* TASK TO CARRY OUT
Repeat the whole listing word for word, skipping pictures.

* RAW DATA
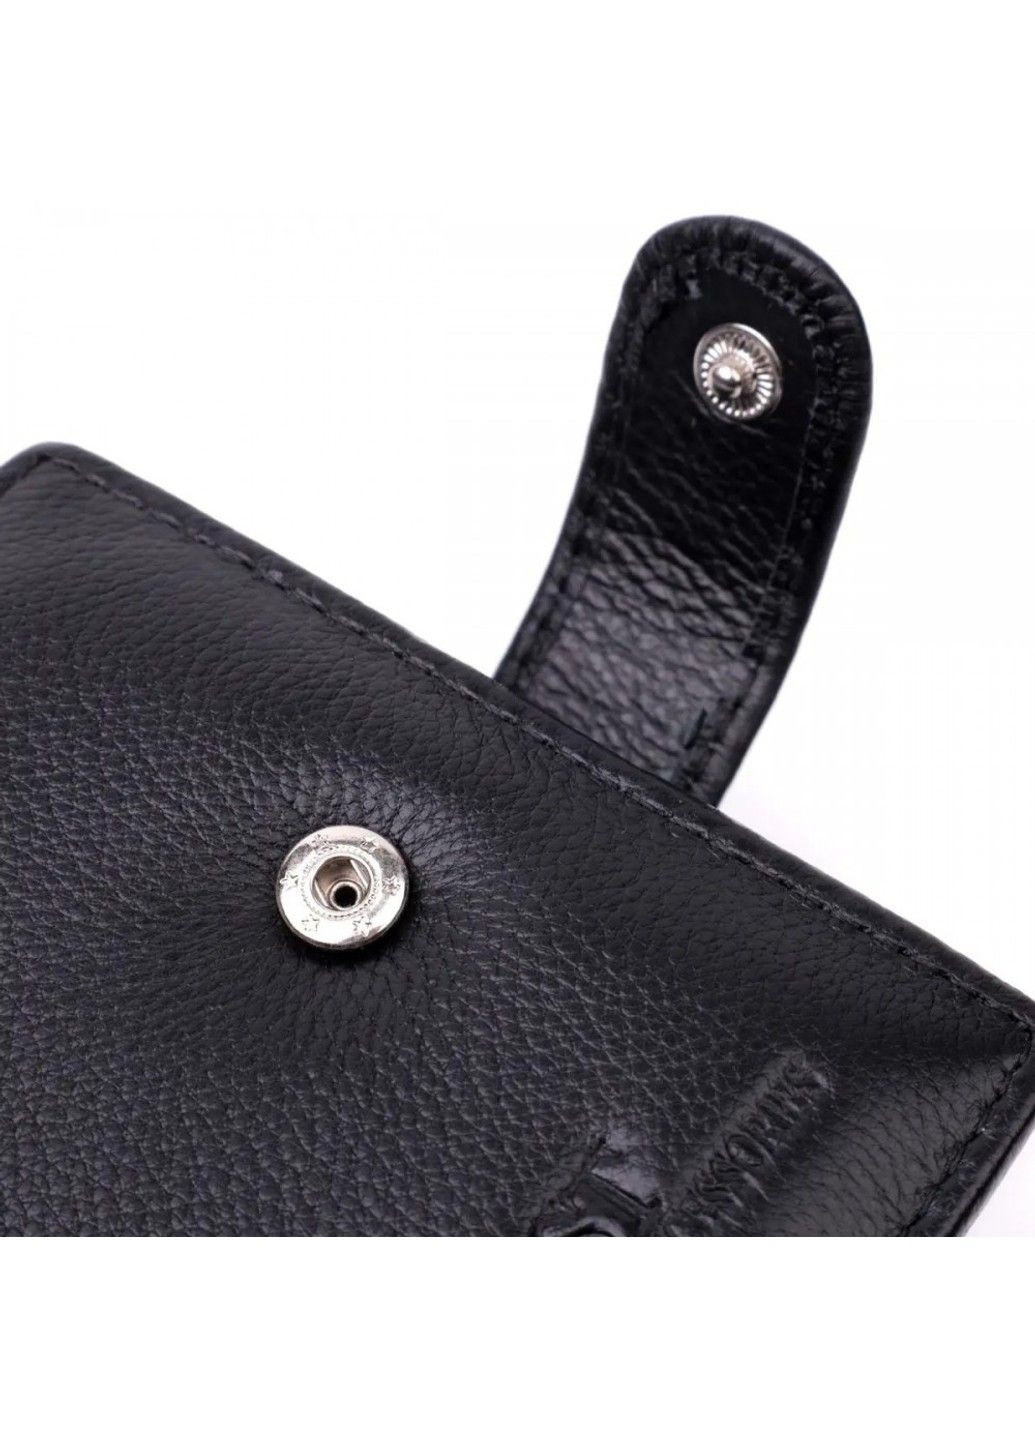 Мужской кожаный кошелек ST Leather 22443 ST Leather Accessories (278274812)
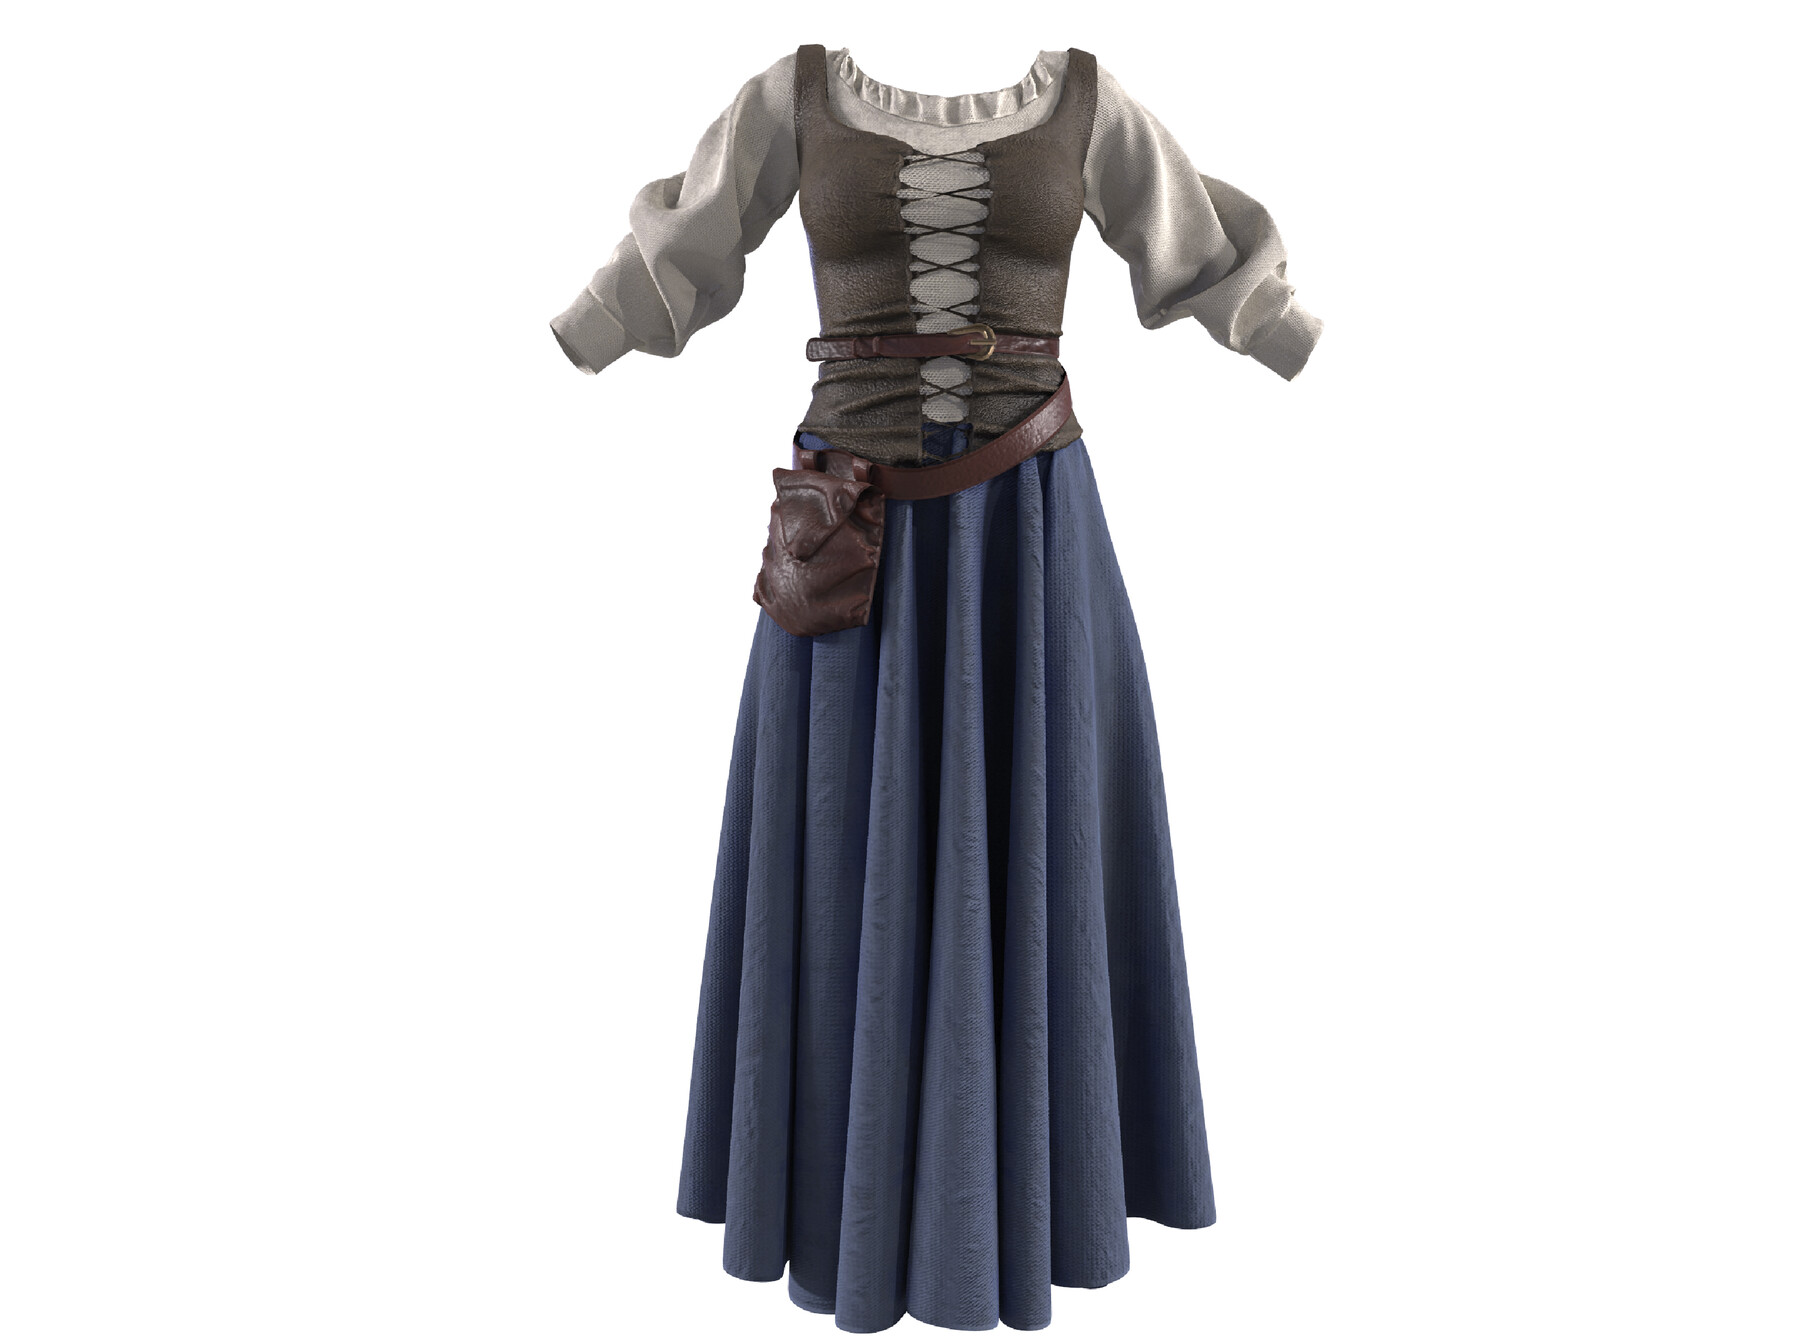 medieval peasant clothing
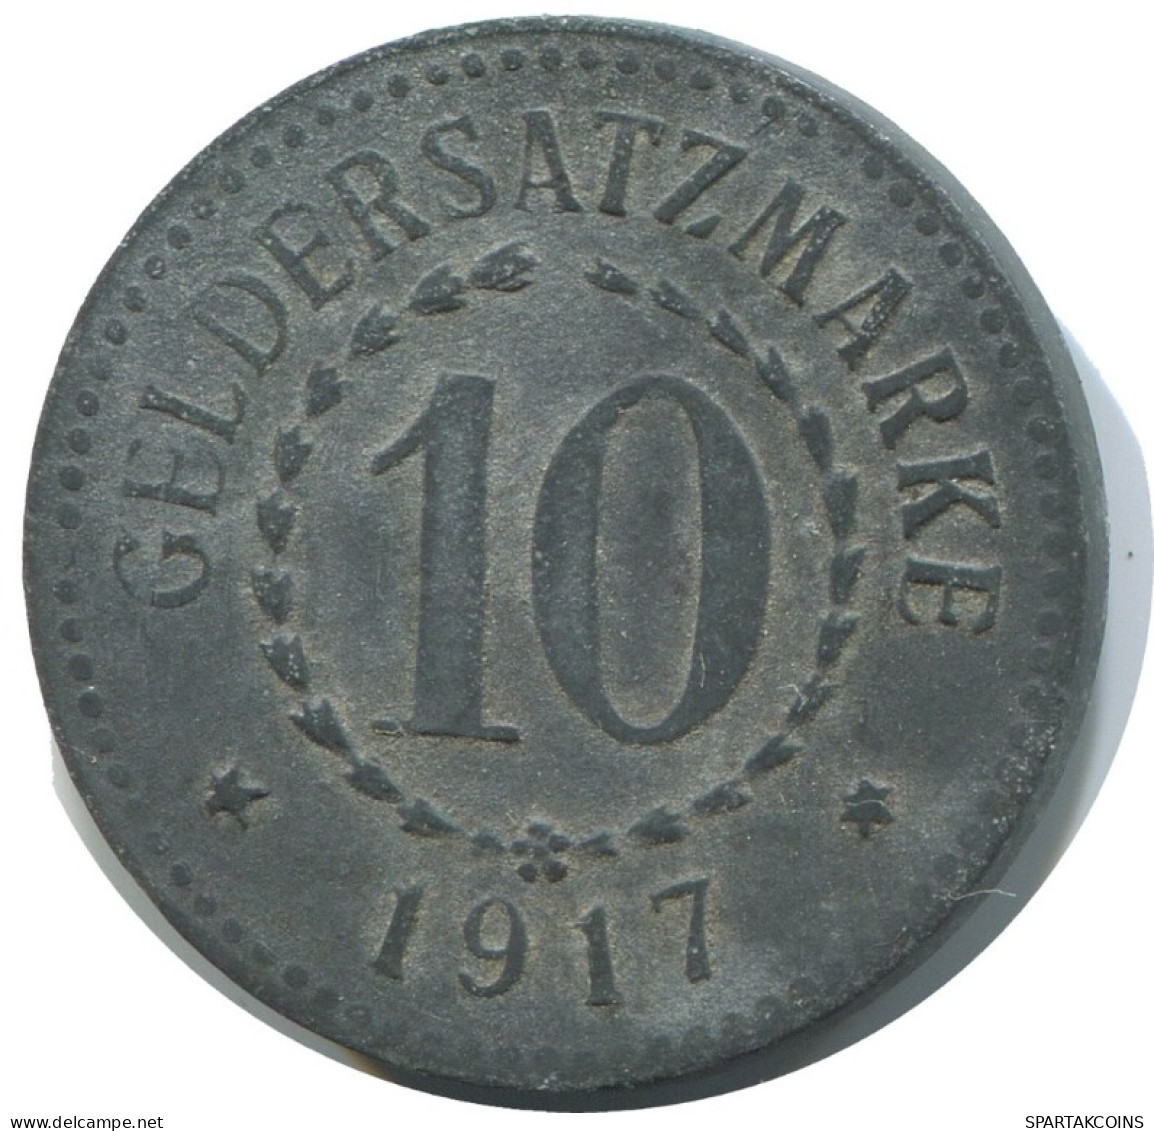 10 PFENNIG 1917 STADT POSEN DEUTSCHLAND Münze GERMANY #AD642.9.D.A - 10 Pfennig

* PROBLEM SOLUTION
 Мужской кожаный кошелек ST Leather 22443 ST Leather Accessories (278274812)
 medieval peasant clothing
 10 PFENNIG 1917 STADT POSEN DEUTSCHLAND Münze GERMANY #AD642.9.D.A - 10 Pfennig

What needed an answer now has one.